2. Graduate Institute of Medical Biotechnology

3. Laboratory of Molecular Diagnostics, Department of Clinical Pathology

4. Department of Medical Laboratory Science and Biotechnology, China Medical University, Taichung, Taiwan 404, Republic of China

5. Department of Laboratory Medicine, Changhua Christian Medical Center, Changhua, Taiwan 500, Republic of China

6. Clinical Medical Science, Chang Gung University, Taoyuan, Taiwan 333, Republic of China

7. Department of Emergency Medicine, Chang Gung Memorial Hospital, Taoyuan, Taiwan 333, Republic of China

Abstract

ABSTRACT We assessed the use of high-resolution melting (HRM) analysis for the rapid identification of influenza A virus subtypes and the detection of newly emerging virus variants.

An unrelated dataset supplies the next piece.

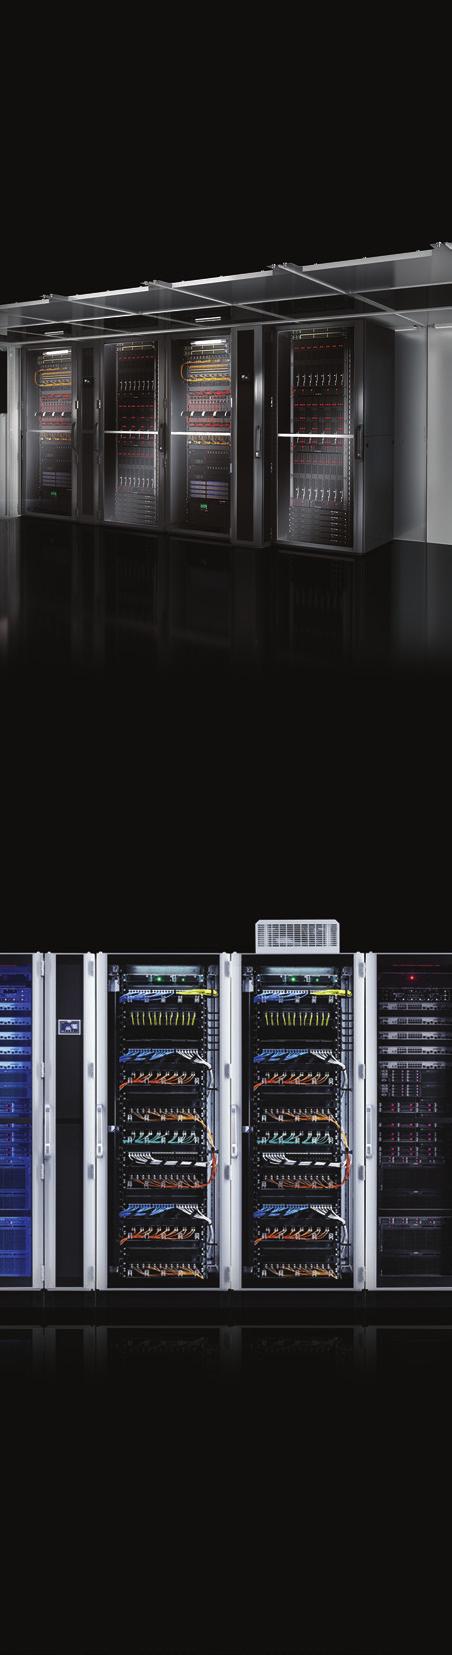 The Future of Edge Choose Rittal For Maximum Flexibility Delivers Maximum Cost-Efficiency Rittal has redefined the standard in Server and Network enclosures with the TS IT modular system, featuring

The viral matrix gene was amplified by LightCycler real-time reverse transcription-PCR (RT-PCR) in the presence of the LCGreen I fluorescent dye. Upon optimization of the assay conditions, all the major influenza A virus subtypes, including H1N1, H3N2, H5N1, H7N3, and H9N2, were amplifiable by this method and had a PCR product length of 179 bp. Real-time RT-PCR of in vitro-transcribed H3N2 RNA revealed a standard curve for quantification with a linear range (correlation coefficient = 0.9935) across at least 8 log units of RNA concentrations and a detection limit of 10 3 copies of viral RNA. We performed HRM analysis of the PCR products with the HR-1 instrument and used the melting profiles as molecular fingerprints for virus subtyping. The virus subtypes were identified from the high-resolution derivative plot obtained by heteroduplex formation between the PCR products of the viral isolates tested and those of the reference viral isolates. The melting profiles were consistent with minimal interassay variability. Hence, an HRM database and a working protocol were established for the identification of these five influenza A virus subtypes. When this protocol was used to test 21 clinical influenza A virus isolates, the results were comparable to those obtained by RT-PCR with hemagglutinin-specific primer sets. Sequence variants of the clinical isolates ( n = 4) were also revealed by our HRM analytical scheme. This assay requires no multiplexing or hybridization probes and provides a new approach for influenza A virus subtyping and genetic screening of virus variants in a clinical virology laboratory.

Publisher

American Society for Microbiology

Subject

Microbiology (medical)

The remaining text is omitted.